» **EXERCISE AIM**:
From the listing below, restate word for word the lines from the line containing "Проекты домов Альфаплан" down through the line containing "Custom Bespoke Birthday Cake Gallery Image". Exclude pictures.

» **TASK DATA**:
★ ★ ★ ★

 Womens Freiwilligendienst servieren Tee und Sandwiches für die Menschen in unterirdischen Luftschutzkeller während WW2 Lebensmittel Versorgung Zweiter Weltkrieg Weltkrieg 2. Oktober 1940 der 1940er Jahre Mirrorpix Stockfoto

★ ★ ★ ★

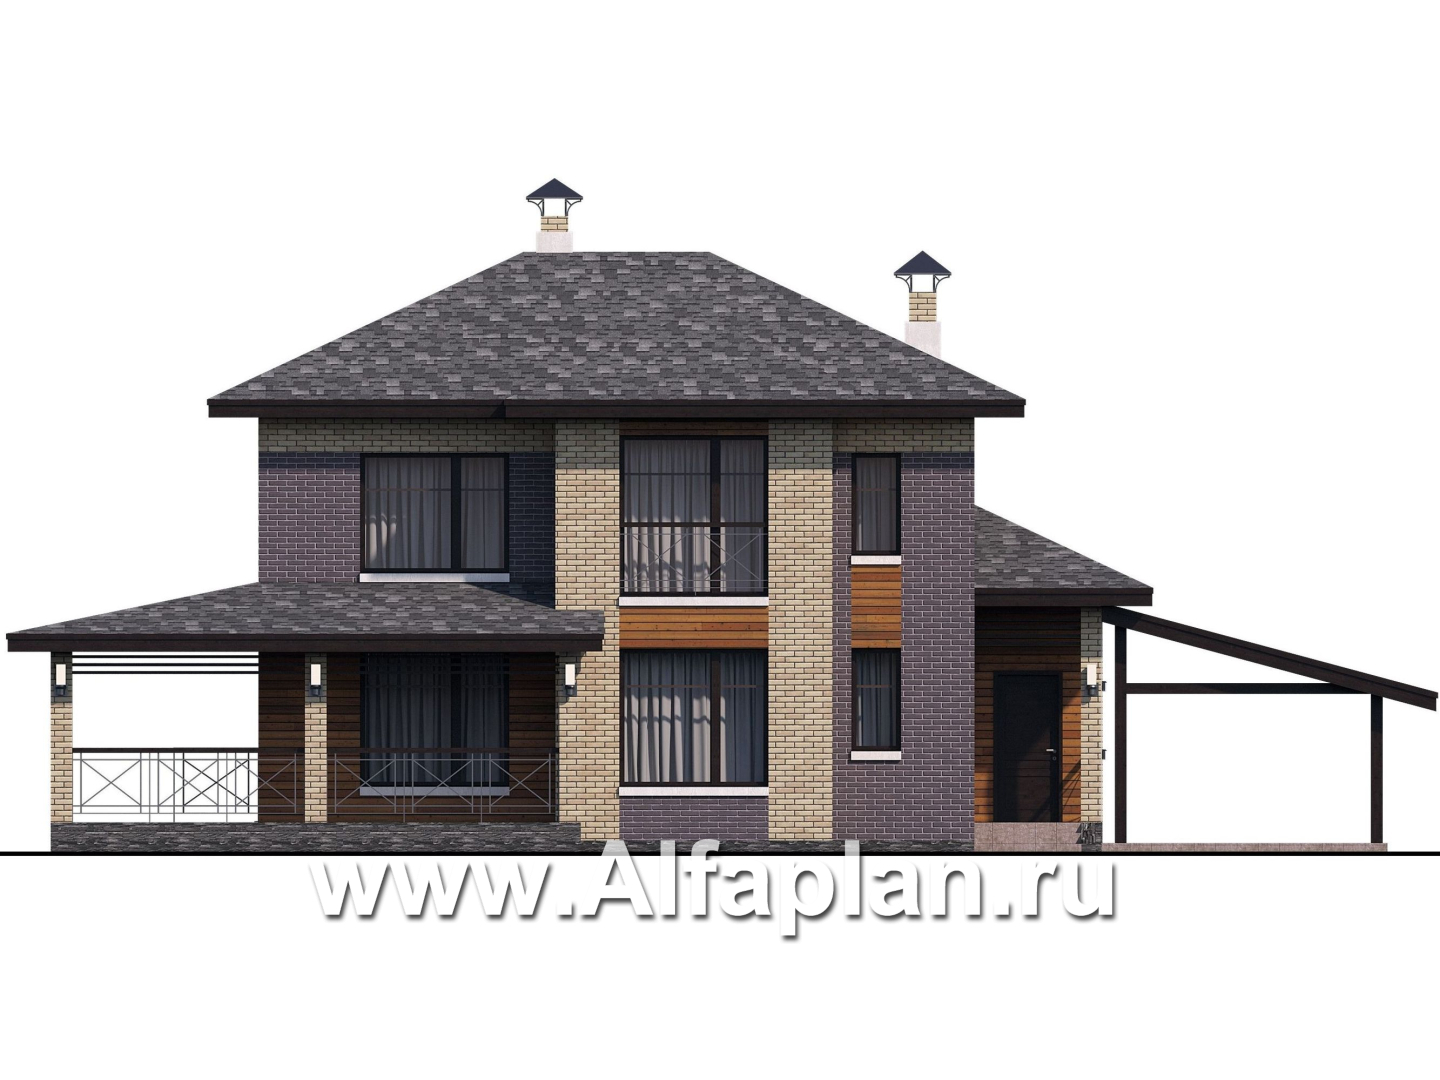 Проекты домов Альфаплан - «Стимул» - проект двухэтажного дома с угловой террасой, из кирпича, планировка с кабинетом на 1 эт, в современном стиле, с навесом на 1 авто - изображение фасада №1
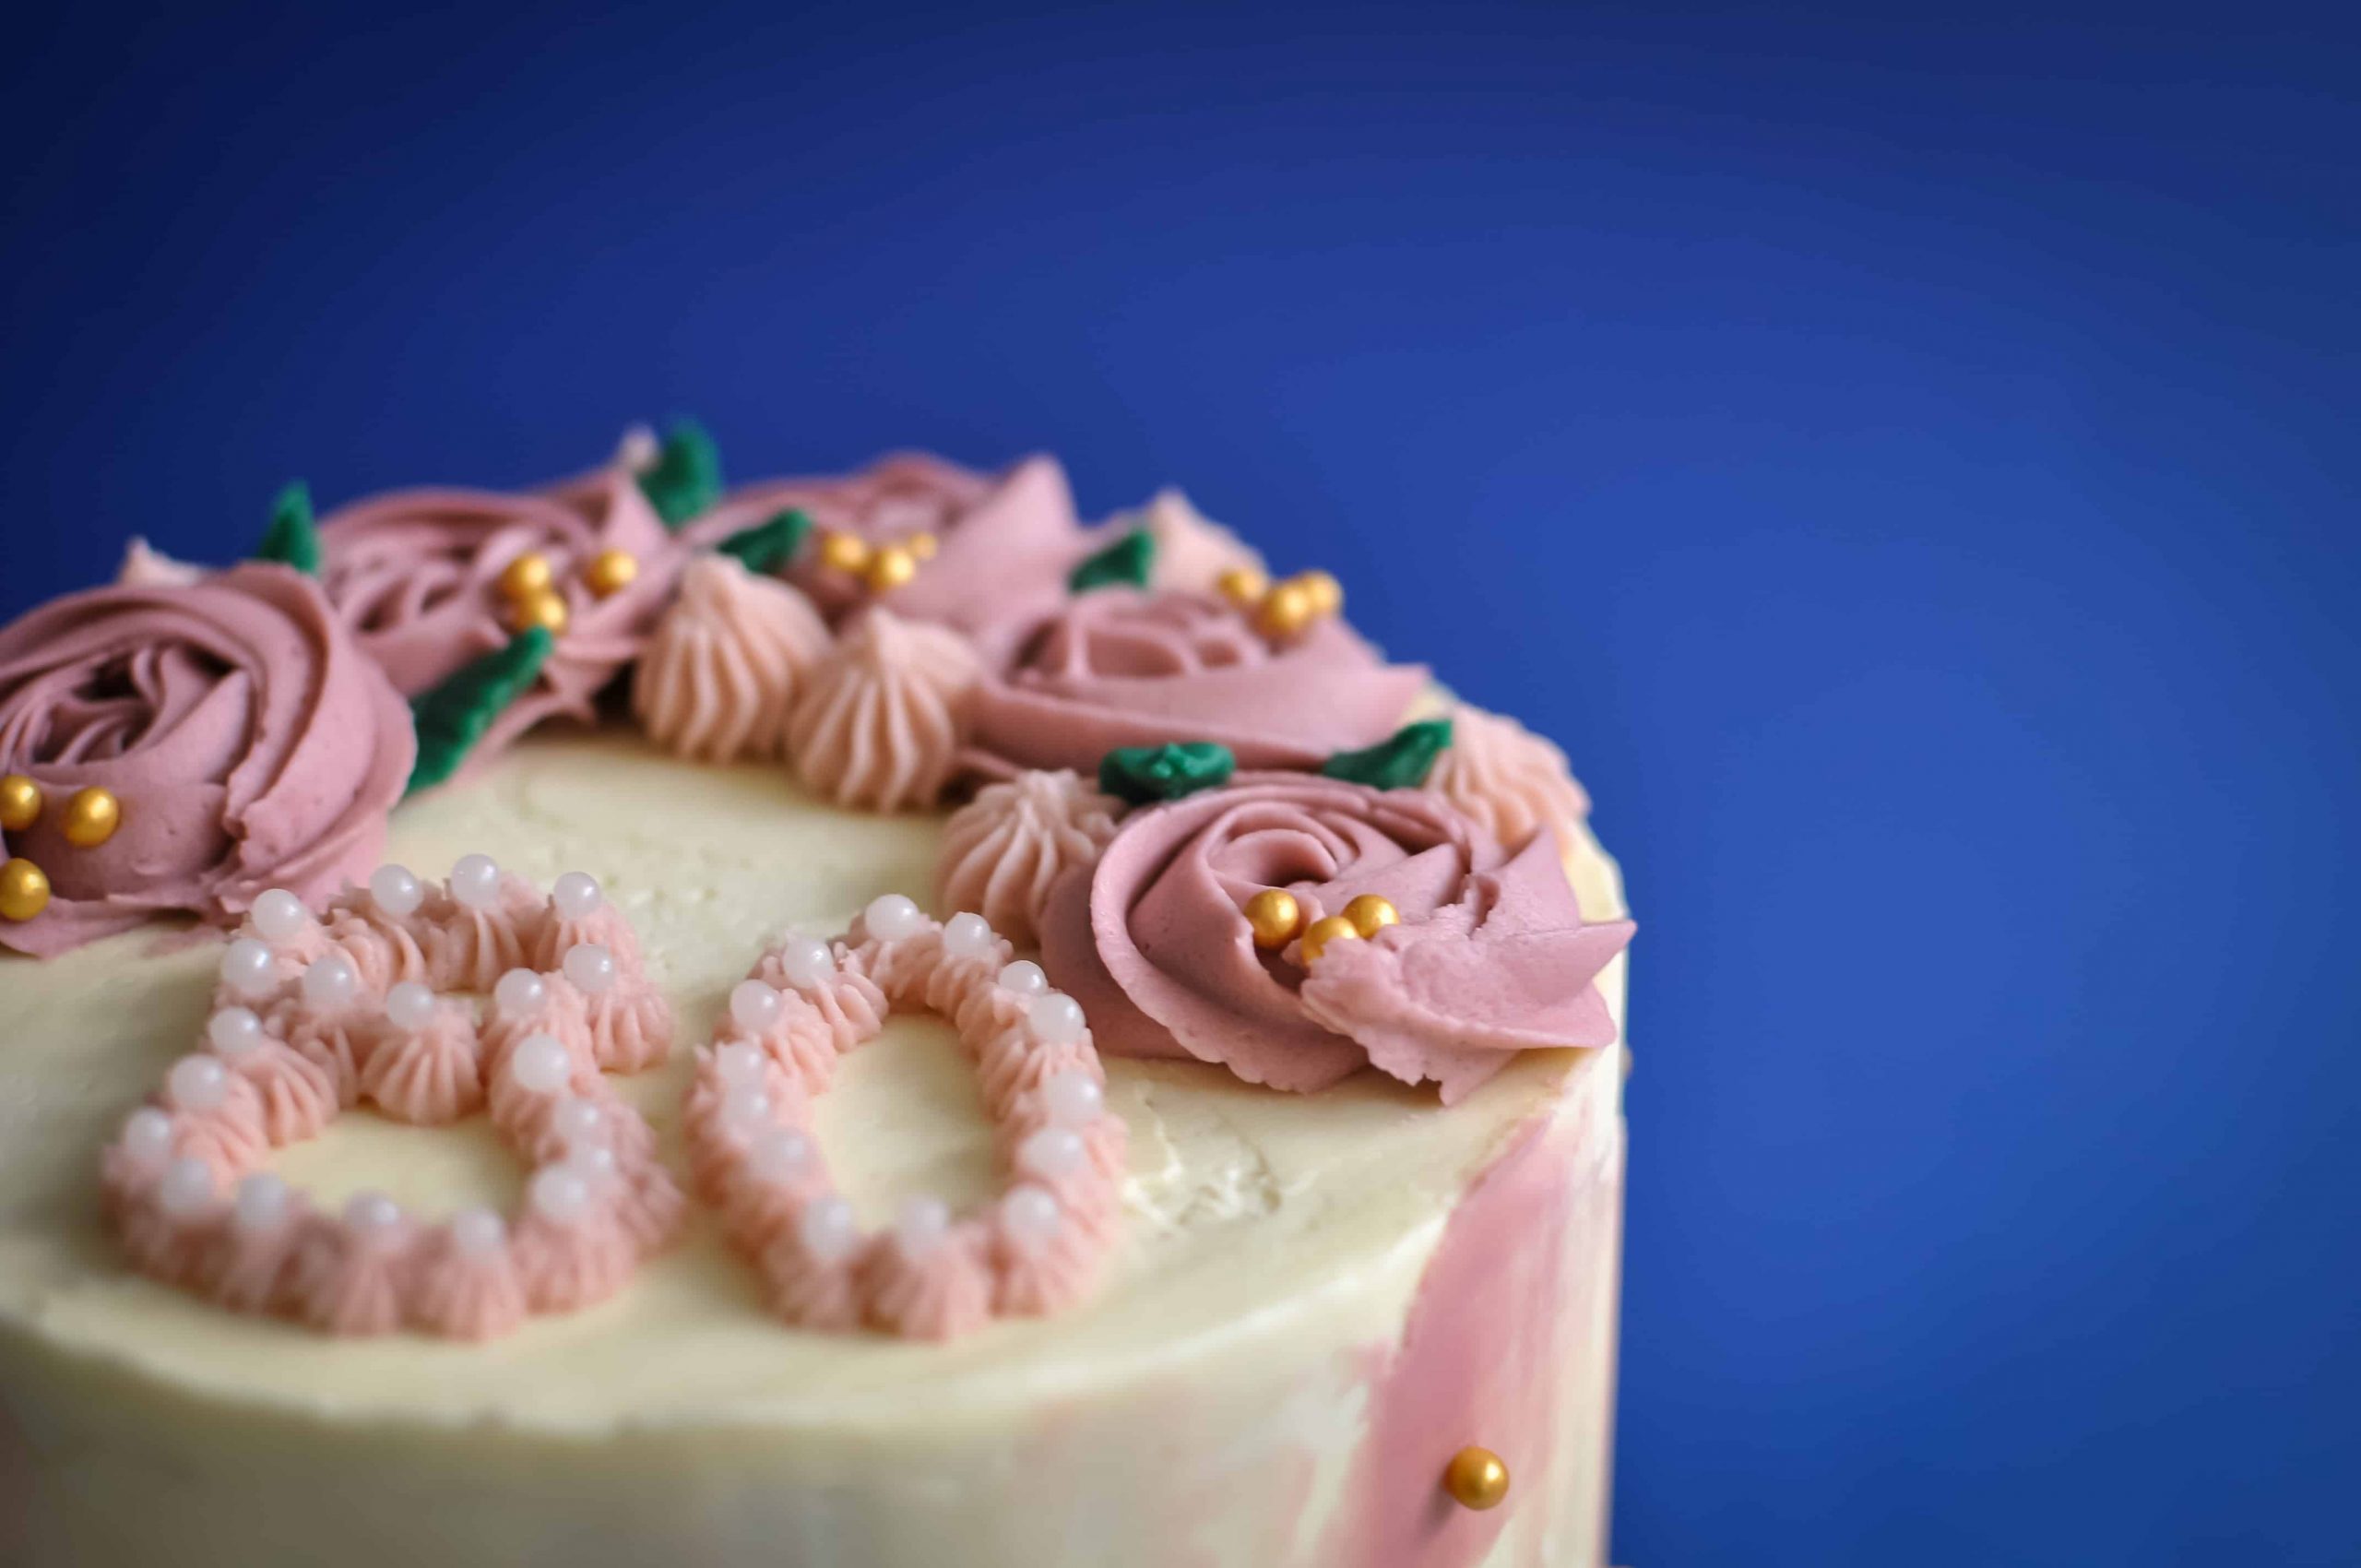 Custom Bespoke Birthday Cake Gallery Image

★ ★ ★ ★

» **WRITTEN ANSWER**:
 Проекты домов Альфаплан - «Стимул» - проект двухэтажного дома с угловой террасой, из кирпича, планировка с кабинетом на 1 эт, в современном стиле, с навесом на 1 авто - изображение фасада №1
 Custom Bespoke Birthday Cake Gallery Image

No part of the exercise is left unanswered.